Lady Professor
Page 6
Emma crammed her foot on the brake and stopped abruptly.
Henrik half-climbed, half-fell out of the truck’s right side door, dropped to his knees at the side of the road, and vomited.
The sounds of his violent retching twisted Emma’s belly and she began to cry. Leaving the engine running and the headlamps on, she climbed out of the truck and knelt beside him with her arm over his heaving shoulders. He finally calmed, and she pulled him to his feet. They sat side-by-side on the running board while he wiped his mouth and eyes with the back of his hand.
“Hennie, Hennie, this has got to stop. You’re killing yourself.”

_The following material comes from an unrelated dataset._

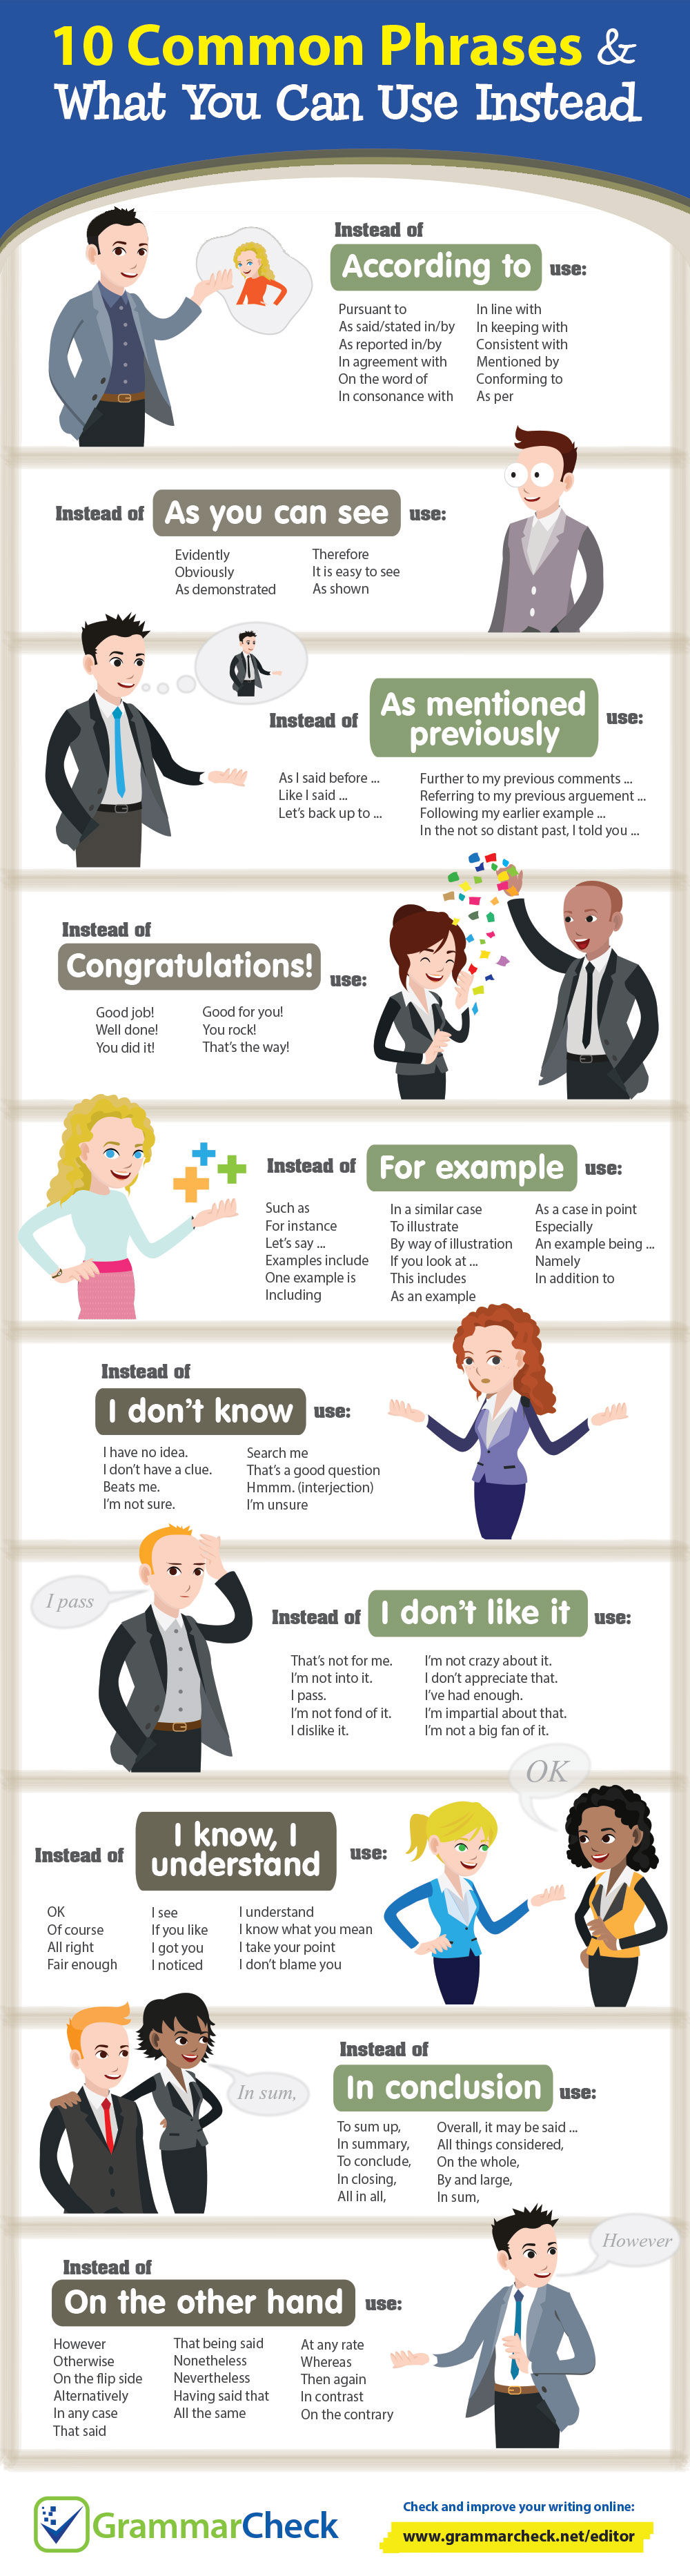 10 Common Phrases & What You Can Use Instead (Infographic)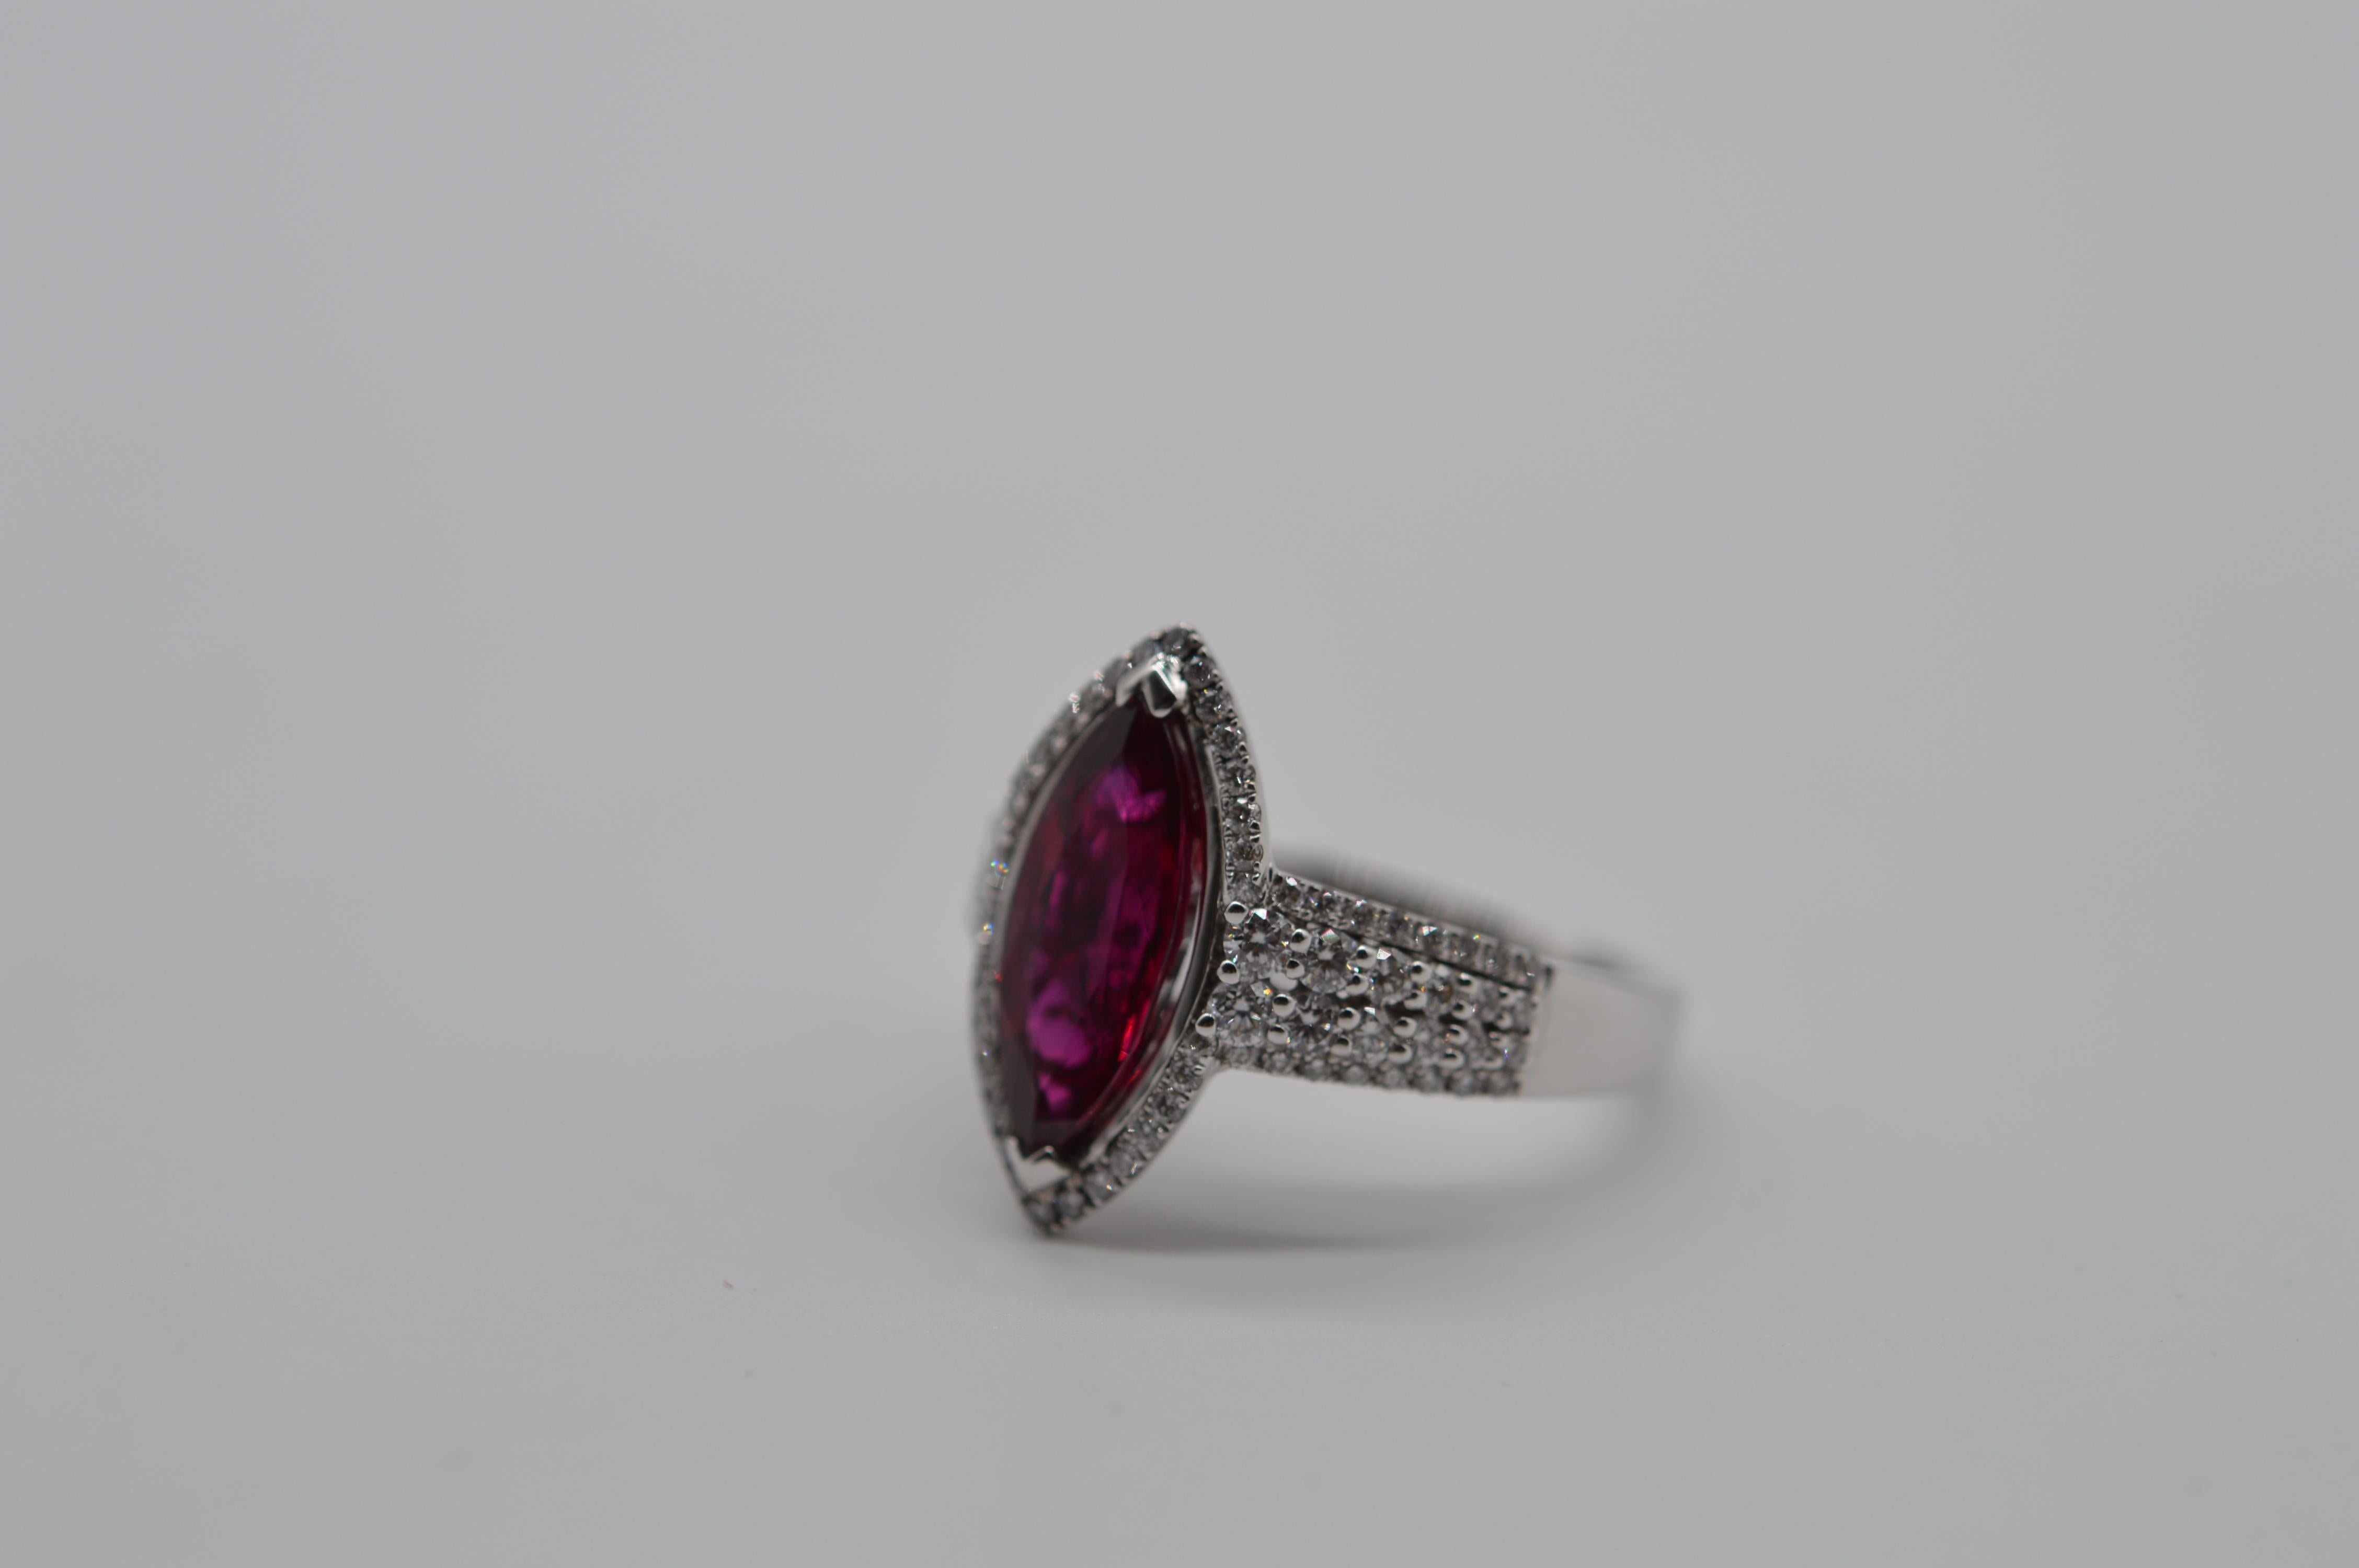 Marquise Cut Siam Marquise Ruby Ring 2.95 Cts Heated C.Dunaigre Certified Unworn For Sale

“Who cares? I’m no good any more. I’m so screwed up.”
“I care.” Tears poured down Emma’s face. “I care so much. I can’t lose you. You’re the only one in the whole family that . . . that . . . understands me. Mama and Susan think I’ve gone high hat. Everything I care about is useless to them. Papa and Bjorn don’t care either. As long as I help with the milking and cooking and gardening and canning and the laundry. I’m just a hired girl. You’re all I’ve got. You loved me, I know you did. At least until that damned war. And I love you too. I still do. Hennie, I want you back.”
She wrapped both arms around his neck and sobbed. She had never spoken the words of love before. Never. Not to anyone. Nor had she ever heard them.
Henrik didn’t reply. They sat together, sniffling and breathing irregularly. Finally, Henrik embraced her awkwardly. Emma helped him back into the passenger seat, and they drove the rest of the way back to the Hansen farm in silence.
FOUR WEEKS LATER Emma returned to the Oosterfeld’s store, her head down in despair. Her search for a teaching job—any teaching job—in the Stanton Mills area had been futile. No positions were open at the city’s elementary school or at any of the nearby one-room country schools. She was not credentialed to teach in high school. Just this Friday the County Superintendent of Schools had bluntly told her that he foresaw no possibility of a vacant teaching position anywhere in the county.
Now she had accompanied Henrik into town in the family truck—after extracting a promise that he would permit her to drive home—and needed to share the bad news with Piet and Hannah: she would not be staying with them in the coming year. She would have to search for a position in a distant county and board near the school that hired her, if she could find one. Staying at home on the farm without a job was not a choice she would ever accept.
The Oosterfelds saw the disappointment in Emma’s face at once, and, as there were no customers at the moment, sat down with her at the back of the store.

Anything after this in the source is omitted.